- The Washington Times - Sunday, September 23, 2001

With one of the world's main financial symbols reduced to a grave of rubble, many financial policy-makers around the world are trying to prevent a human tragedy from morphing into an economic one. All the same, it appears more than likely that the Group of Seven (G-7) meeting of central bankers and finance ministers, which was originally going to be held in Washington on Sept. 28 alongside the semi-annual meetings of the International Monetary Fund (IMF) and World Bank, will be postponed.

In the wake of the terrorist attacks on the World Trade Center and Pentagon, Washington would certainly be hard-pressed to handle the security challenges that massive protests would present. All the same, it is important, at this critical economic juncture, for financial policy-makers to meet, not only to prevent terrorism from fomenting instability and disruption, but also to address pressing pragmatic issues. If Washington is seen as too good a target for attack given the security challenges that massive protests could present, then another location could be chosen.
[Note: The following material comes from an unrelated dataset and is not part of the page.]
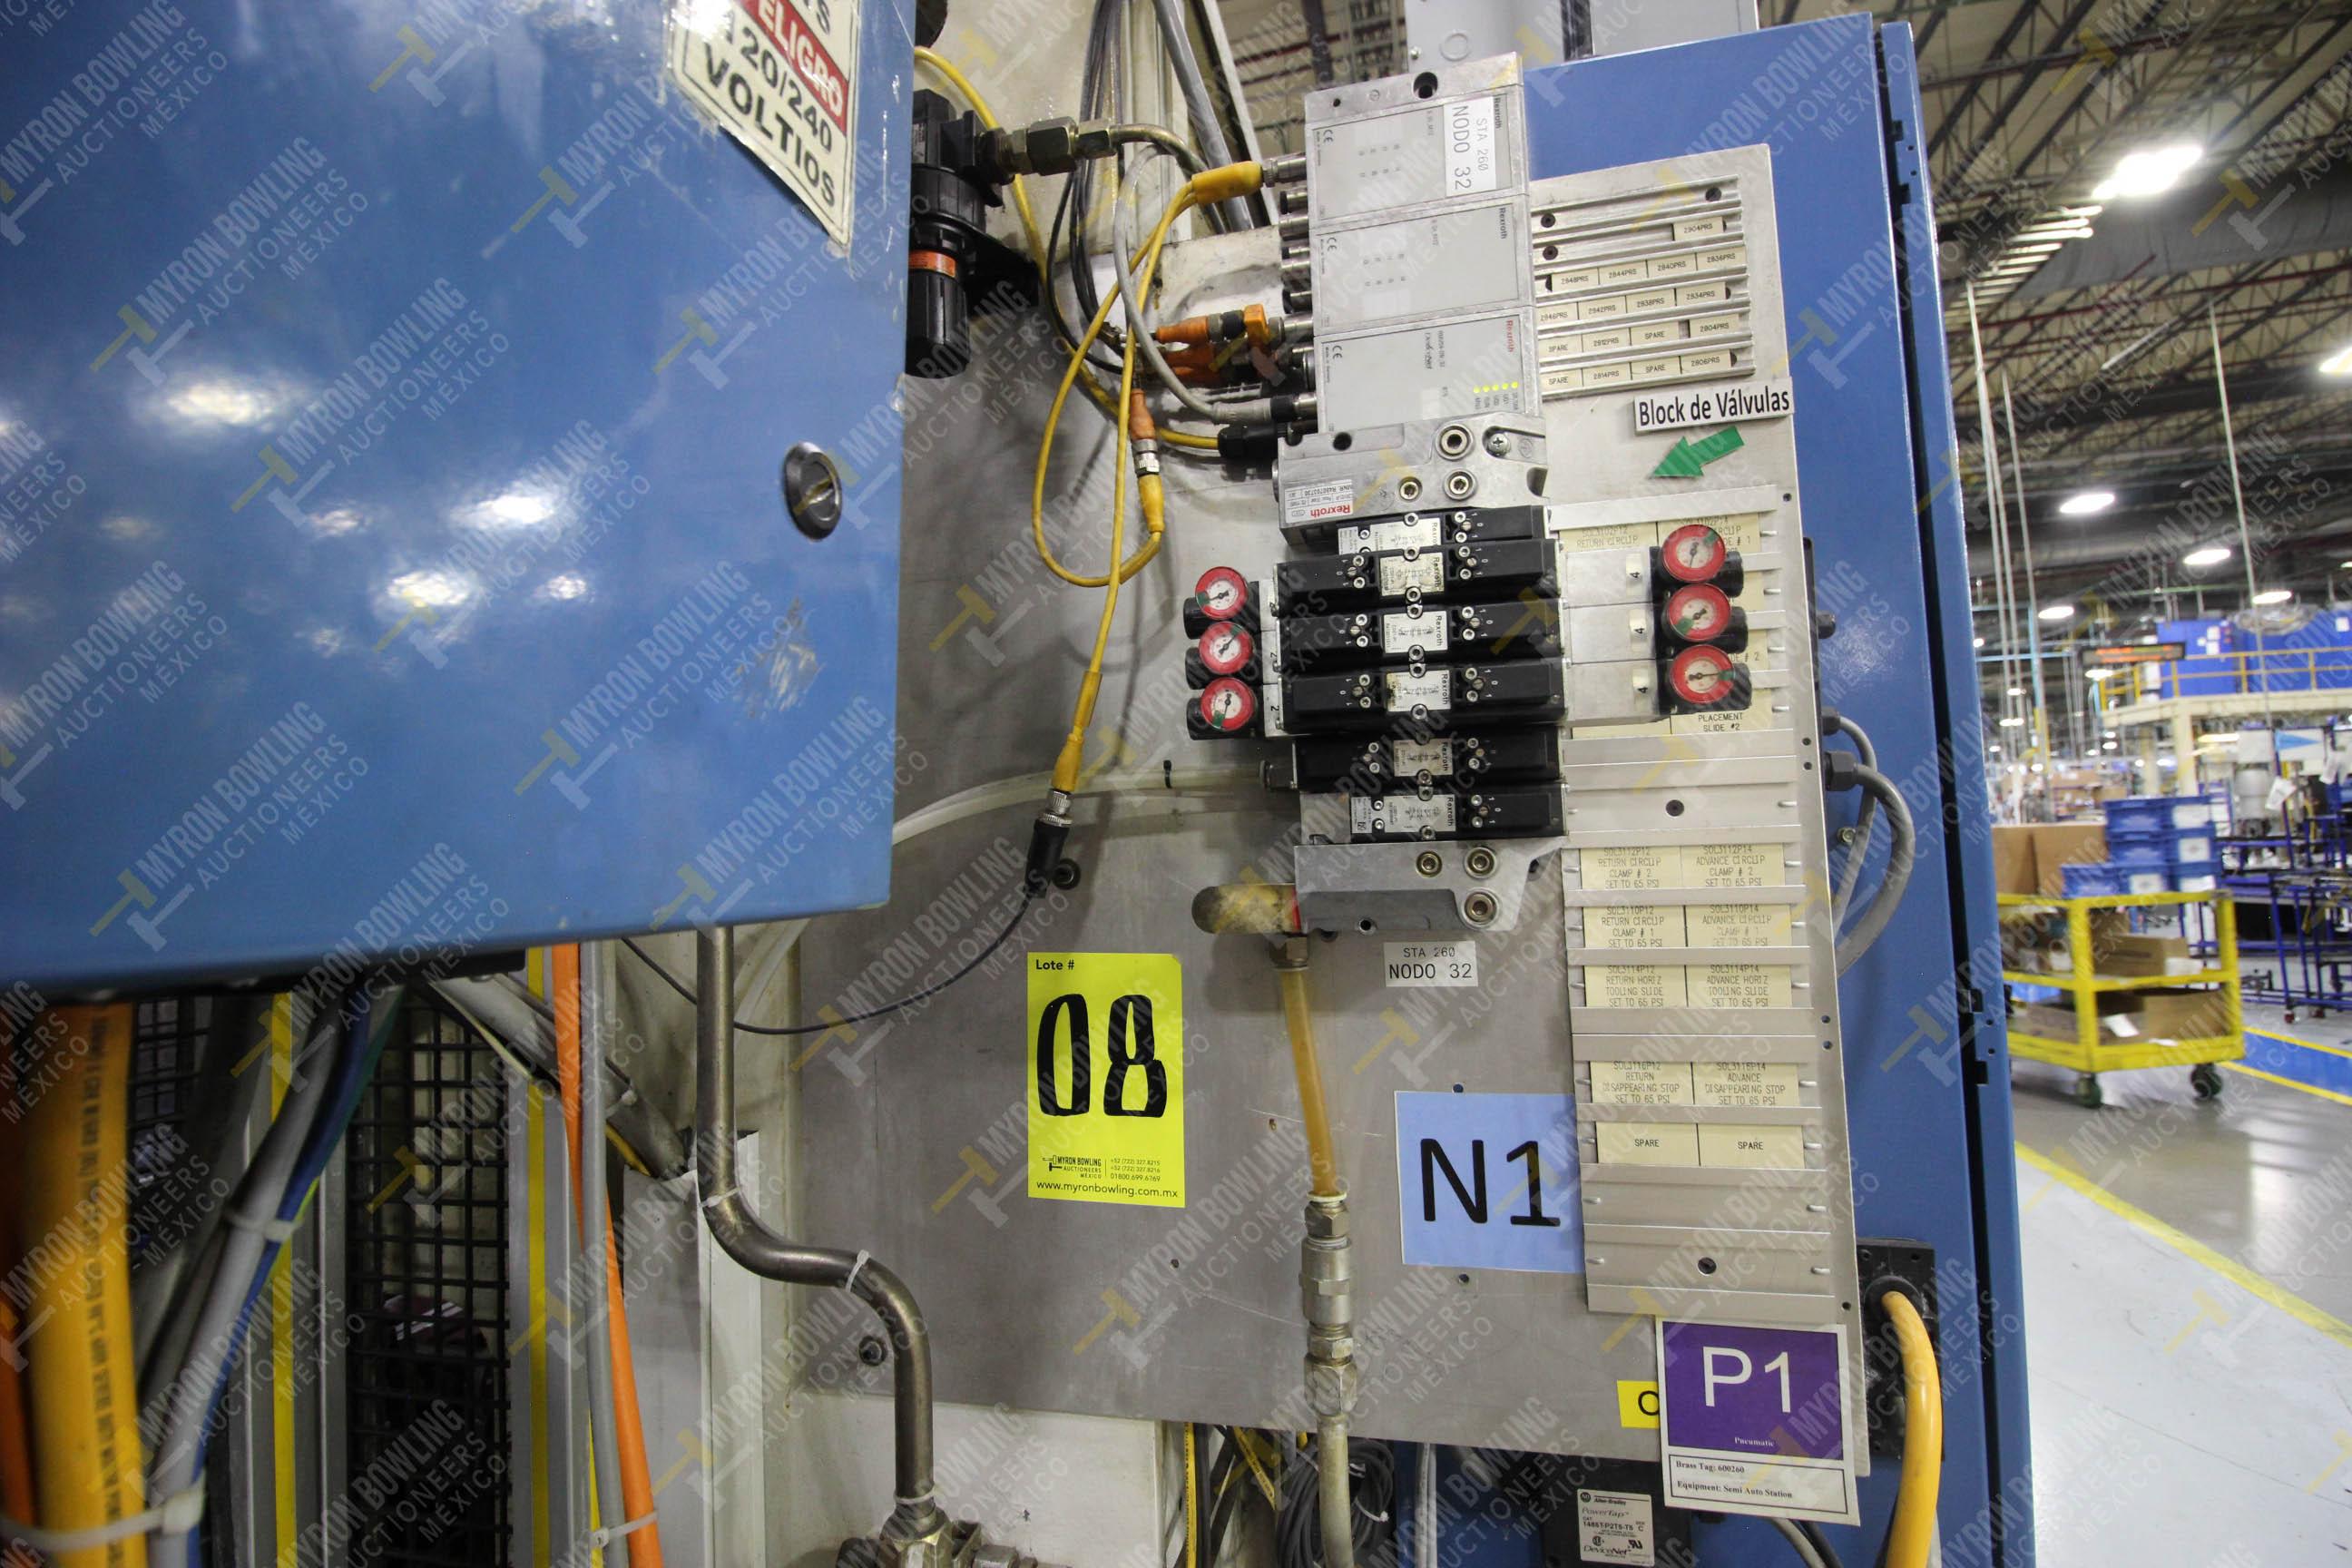 Estación semiautomática para operación 260 de ensamble - Image 16 of 20

It would be nice to be able to confidently declare that D.C. police are up to the task, but that simply doesn't seem to be the case.

Even before the Sept. 11 attacks, world leaders had already begun thinking creatively about where to locate summits that might attract protesters. Kananaskis, Canada, for example, has been floated as an attractive locale for a Group of Eight meeting this June or July. This mountainous city would have lodging capacity only for those attending the summit. Planning along similar lines for the G-7 meeting could increase its prospects for success.

But is the security, the expense and the risk worth it? Can't the bureaucrats teleconference? These are valid questions. But G-7 central bankers and finance ministers should meet in person, with the immediacy, flexibility, spontaneity and intimacy that an in-the-flesh meeting can provide. Certainly, these policy-makers will want to present their arguments in person. Also, for the health of the global economy, private sector businessmen must at some point be willing to travel. If policy-makers send the message that they themselves are hunkering down and staying home, then markets around the world will suffer.

What will these policy-makers need to discuss? Finance ministers should want to share notes regarding how to alter fiscal goals for this year, and possibly beyond. The changing economic scenario requires that policy-makers worry more about fiscal stimuli than deficits or surpluses. But apart from refashioning fiscal goals, on which there is likely broad consensus, policy-makers will want to exchange ideas on how to best structure stimuli to cover both social and financial concerns. Also, in this globalized economy, America's economic health will have a profound impact on Europe, and vice versa. So, central bankers will want to compare economic projections in order to best tailor monetary policy. And finally, personal contact may be comforting to policy-makers that may well be feeling overwhelmed with challenges, given the precarious state of the global economy.

Given the degree of destruction on Sept. 11, it is natural that investors and consumers are a little shaken up. To shore up confidence in international markets, central bankers and finance ministers should meet, strategize and commiserate.